La vecchia porse quindi alla donna una ciotola di legno perché l'accostasse alle labbra di Kivrin, che ne sorseggiò il contenuto pensando confusamente che quella sembrava la stessa ciotola in cui era contenuta la cera. Naturalmente era un'altra, e il suo contenuto non era il medicinale che le avevano somministrato in precedenza ma una farinata acquosa e grumosa meno amara della bevanda della notte prima ma caratterizzata da un retrogusto un po' unto.
— Thasholde nayive gros vitaille towayte — osservò la vecchia, in tono aspro e critico.
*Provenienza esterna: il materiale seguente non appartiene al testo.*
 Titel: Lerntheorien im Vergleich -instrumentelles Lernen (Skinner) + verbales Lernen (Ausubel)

Kivrin si disse che doveva essere senza dubbio la suocera.
— Shimote lese hoor fource — rispose in tono mite la donna più giovane.
La farinata aveva un buon sapore e Kivrin cercò di berla tutta, ma dopo pochi sorsi si sentì spossata.
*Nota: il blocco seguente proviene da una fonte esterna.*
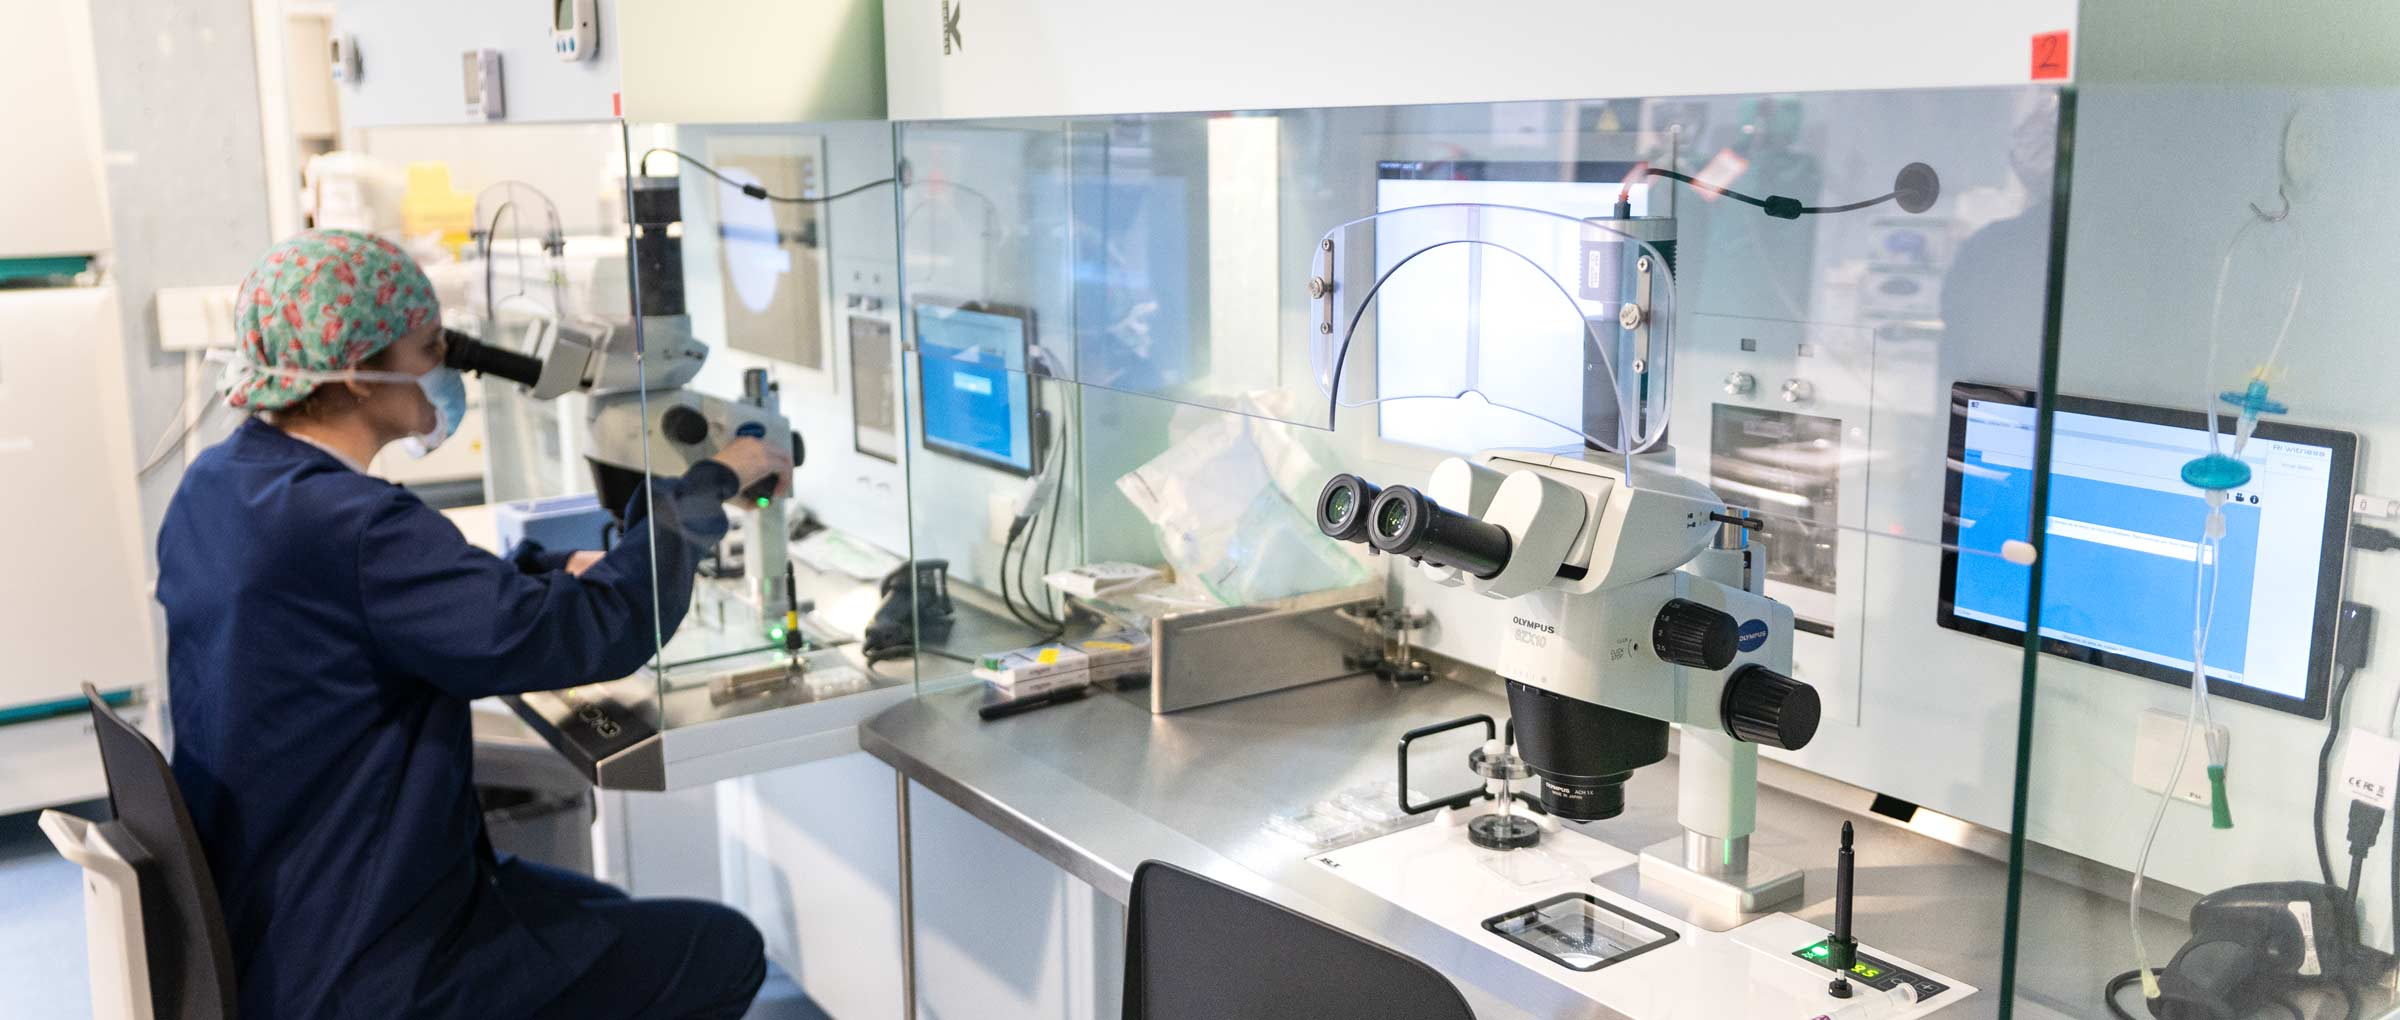 Laboratorio de FIV de la clínica Tambre

La giovane donna restituì allora la ciotola alla vecchia, che si era accostata a sua volta al fianco del letto, e tornò a riadagiare Kivrin sui cuscini, poi raccolse la benda insanguinata e sfiorò ancora la tempia della malata come se si stesse chiedendo se doveva rimetterle o meno la fasciatura. Alla fine la porse alla vecchia, che la posò insieme alla ciotola sulla cassapanca che doveva essere sistemata ai piedi del letto.
— Lo, liggethsteallouw — consigliò infine la donna più giovane, con il suo sorriso sdentato, e anche se le parole suonarono incomprensibili dal suo tono Kivrin dedusse chiaramente che le stava consigliando di rimettersi a dormire, per cui chiuse gli occhi.